Notes on Reinforcement Learning

Note

I don’t know who this article is for, excepting me, but whosoever comes across this, hope you get something out of it.

Reinforcement Learning is made out of two parts, the Agent and the Environment, interacting with each other with each though states, actions and rewards. As an agent learns to navigate the states in an Environment in order to accomplish a particular goal, it receives in return a reward which is usually emitted by the Environment. These rewards help in guiding the agents towards the predetermined goal. The aim of the agent is to maximize the quantity of rewards it can gather from the environment and that is possible by accomplishing the assigned goal in the most optimal way. There are scenarios where this may not happen due to a badly designed environment or making the agent optimize for the wrong things. Generally, a good way to think about this setup is to think about the agent and the environment as playing a two-person turn taking game. The state always takes the first turn and provides a range of options for the kinds of actions that the agent can take. Based on this range of actions available to the agent, the agent tries to take the action that not only maximizes its immediate reward it can get from the environment but also somehow maximize the overall reward it can gain from playing the game itself. In this game setup, the environment generally does not have agency, in such a way that the agent can have. If the environment can evolve over time in order to discourage the agent, this turn taking setup simply reduces to a variation of one of von Neumann’s minimax games. But for reinforcement learning, the environment can have probabilistic outputs but does not evolve over time in response to the agent. One of the simplest way to represent such a game is as a Markov Decision Processes.

flowchart TD
A(Agent)
E(Environment)

A --action--> E 
E --reward--> A
E --state--> A

Markov Decision Processes (MDPs)

MDPs are mathematical models and can be represented by

$$\left(\mathcal{S},\mathcal{A},P,R,\gamma ,\rho \right)$$

Each element of the tuple has been defined below:

States $s\in \mathcal{S}$ are the available positions in the MDP, there is usually a set of actions $s\mapsto \mathcal{A}(s)$ associated with any state. Any state can therefore be thought of a function $\mathcal{S}:s\to A$, such that it takes the “ID” of a state $s$ and accordingly returns a set of actions $A\subseteq \mathcal{A}$ out of which the agent chooses one based on its internal probabilistic logic. A state is almost always a part of the environment, the agent navigates through the states of an environment collecting rewards until either it runs of out turns or the goal is achieved. In order to follow through with the turn-taking metaphor, the state at turn $t$ can be represented as $s_t$.

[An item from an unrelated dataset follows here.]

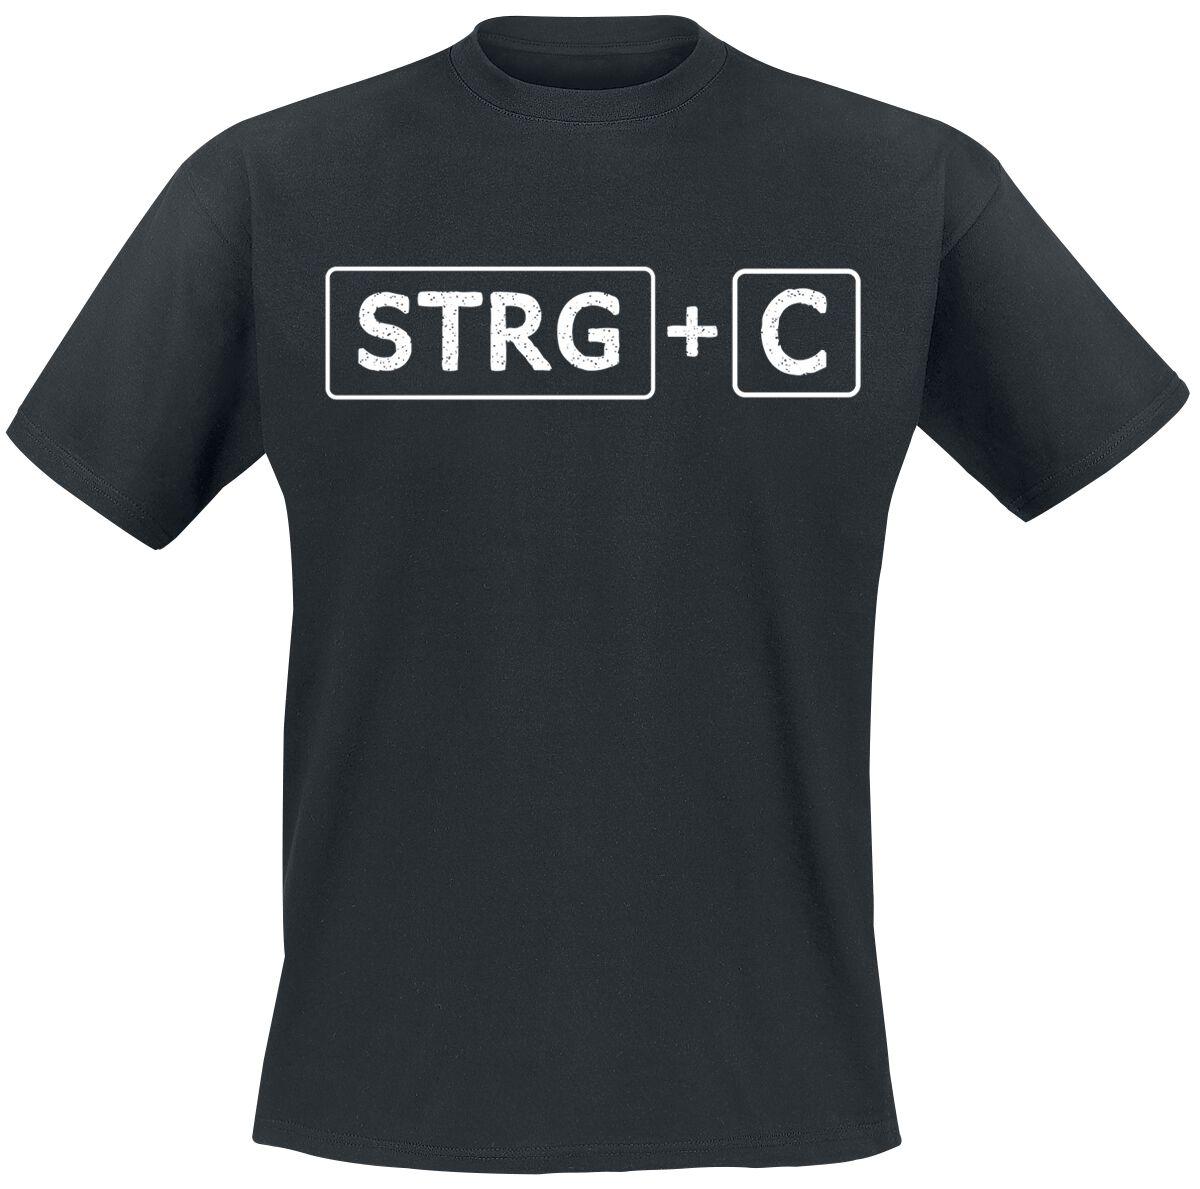 Fun Shirts - Koszulki - T-Shirt Family STRG + C T-Shirt czarny - 365097
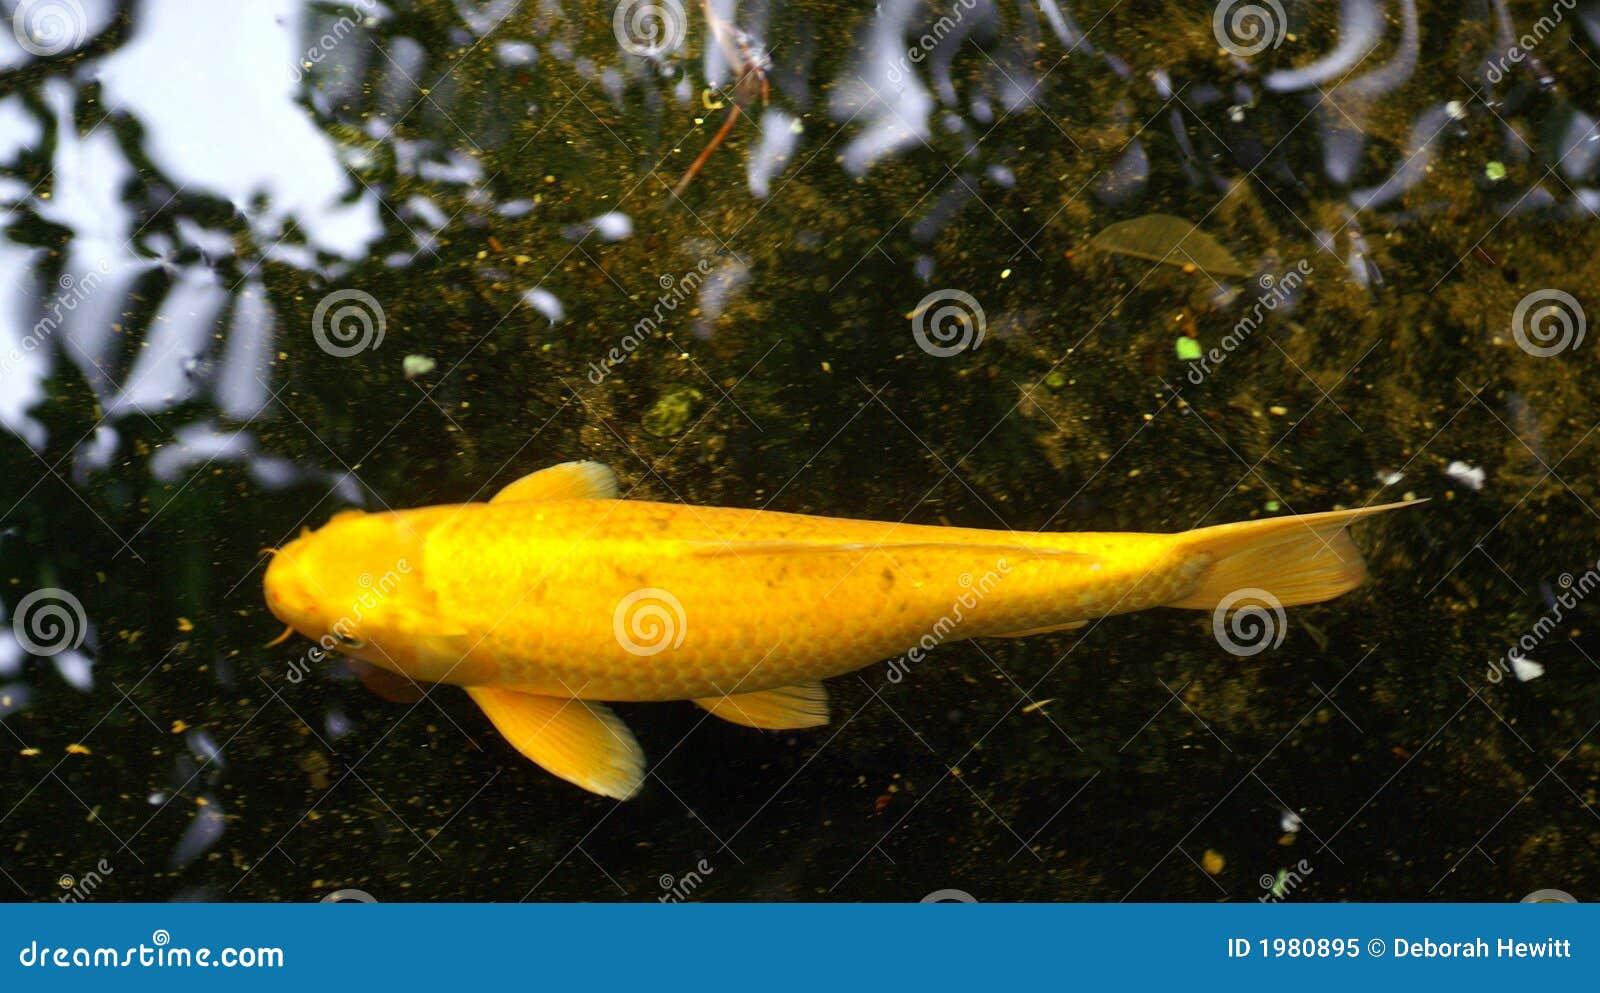 Kigoi yellow koi royalty free stock photo image 1980895 for Yellow koi fish

Actions $a\in \mathcal{A}$ are the possible decisions that an agent can take from a particular state $s$. Actions depends on the state that the agent is currently in.

Transition Dynamics $P(s^{\prime }\mid a,s)$ is the probability of going from state $s$ to $s^{\prime }$ through action $a$. The environment induces randomness through the the transition dynamics ingrained in it. Consider the action of jumping ($a$) from the roof of one building (state $s$) to the roof of another building (state $s^{\prime }$). It is incredibly unlikely that you can land on the other roof if the two buildings are situated far enough, therefore the resulting probability of reaching the other state in this case is fairly low. Similarly, you can easily reach the next state if the roof are very close to each other. The underlying probability of transition $s\to s^{\prime }$ is a function of the distance between the two roofs. This underlying function is abstracted away, and you just see a singular probability value that communicates how likely/unlikely the transition is.

Reward Functions are one of the most important parts of the entire setup. It is essentially the guiding hand that determines how the agent learns to adapt to and excel in the environment it has been put in. A reward function determines how many points are awarded to the agent based on which action it takes from a specific state. For a state $s_t$ and action $a_t$ at turn $t$, the reward is $r_t=R(s_t,a_t)$.

Discount Factor $\gamma \in (0,1)$ is the scalar that determines how much importance the agent affords to any reward as the number of turns increase. This gives the agent either a farsighted approach (~0.999) causing the agent to place importance on rewards further down the line or to have a more shortsighted approach (~0.95). For a discount factor of 1, the agent places equal importance on each and every reward achieved from the environment, and can be thought of having perfect 20/20 vision.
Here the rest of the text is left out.